Now to ground this entire discussion and show it’s relevance, let us add to Neo’s series of awakenings the modern scientific view of man’s relation to the world. This world view tells us the following: ‘Whereas previously you thought that all reality existed just in the way you see and experience it, I can show you through a series of demonstrations and experiments that all you are really seeing is the effect of light bouncing off of the microscopic particles which comprise your surroundings. We do not even experience these waves directly, but only the effects of these light waves on our sense organs as interpreted to us by our brains. Furthermore, the same can be shown for every other sense you possess – hearing, touch, smell, taste, etc. The world that you see, hear, and touch – which you naively think is simply spread out before you – is so completely dependent on the organization of your physical body that it can be said not to exist in any way whatsoever apart from this physical organization.’ Such a world view would seem to take the place of Morpheus himself – telling us that what we formerly thought about reality was all a lie and that all we really experience of reality are our own mental pictures, not that reality itself. And we can well imagine the naïve person in place of the character Neo, when he says in the film: "No! It isn’t true!"

But an answer to this anxious state, which seems to be carried more or less consciously by many here in the west, is suggested in what we have already established.
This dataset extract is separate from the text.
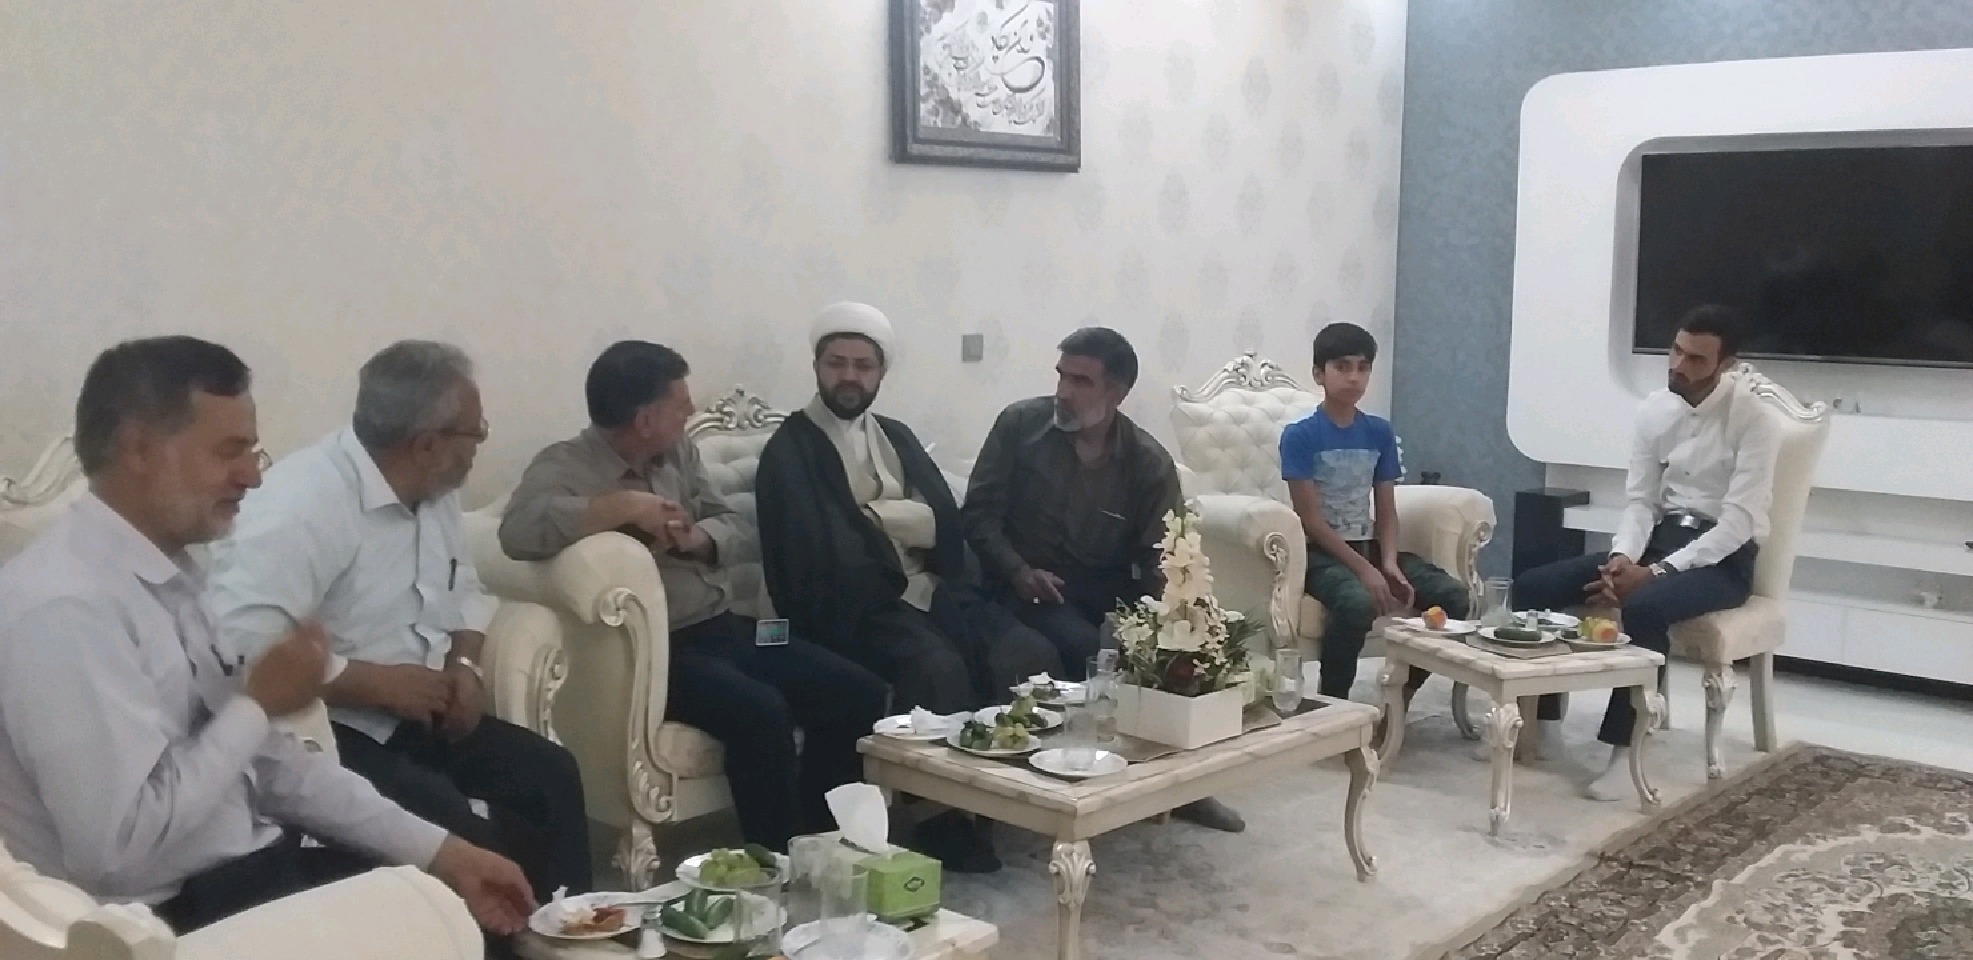 حضور امام جمعه محترم شهر قهدریجان در منزل اقای زمانی از اعضا ستاد نماز جمعه  برای تبریک ازدواج ایشان

When Neo believes that his previously held knowledge of the world is negated by experiences of a ‘new’ world, he falls into a trap. The trap consists precisely in believing in the validity of the ‘new world’ in the exact same way as he believed in the validity of his ‘old world’. In the same way, we fall into a trap if we believe that, for example, an experienced color is nothing more than our subjective response to the fine waves of light which physics teach us about, and which alone are ‘really there’. The demonstrations and experiments, ‘showing’ us ‘the real things of the world’ are all merely given to us in the exact same way (with no qualitative difference) as the naively taken objects of every day experience – tables, trees, animals, etc. The light that we find through investigation to bounce off the chair and the chair itself are both merely given to us in the exact same way. There is no qualitative difference establishing one field of experience as any more or less certain than the other.

Just because Neo’s experience inside the matrix and the world outside the matrix are essentially the same from an epistemological standpoint, so he cannot consider that his knowledge of the world outside the matrix is any kind of awakening to a more certain reality. In the exact same sense, knowledge, derived through modern scientific means, of atoms, genes, light waves, etc. cannot be considered as a knowledge that is waking us up to the ‘way the world really is’. And if we allow ourselves to fall into the trap of saying ‘So my senses really are deceiving me – the world really is my mental picture’ we would be repeating the same mistake as shown in all the previous scenarios involving Neo’s false awakenings. For in the same way that Neo would need to start all over again, in thinking about the ultimate foundation of a world newly awoken to, so would we need to start all over again in thinking about the ultimate foundation of this world of microscopic particles which we, according to natural science, construct our world out of. And therefore this world of microscopic particles is no more or less reliable than the world we see spread out in front of us every morning when we open our eyes.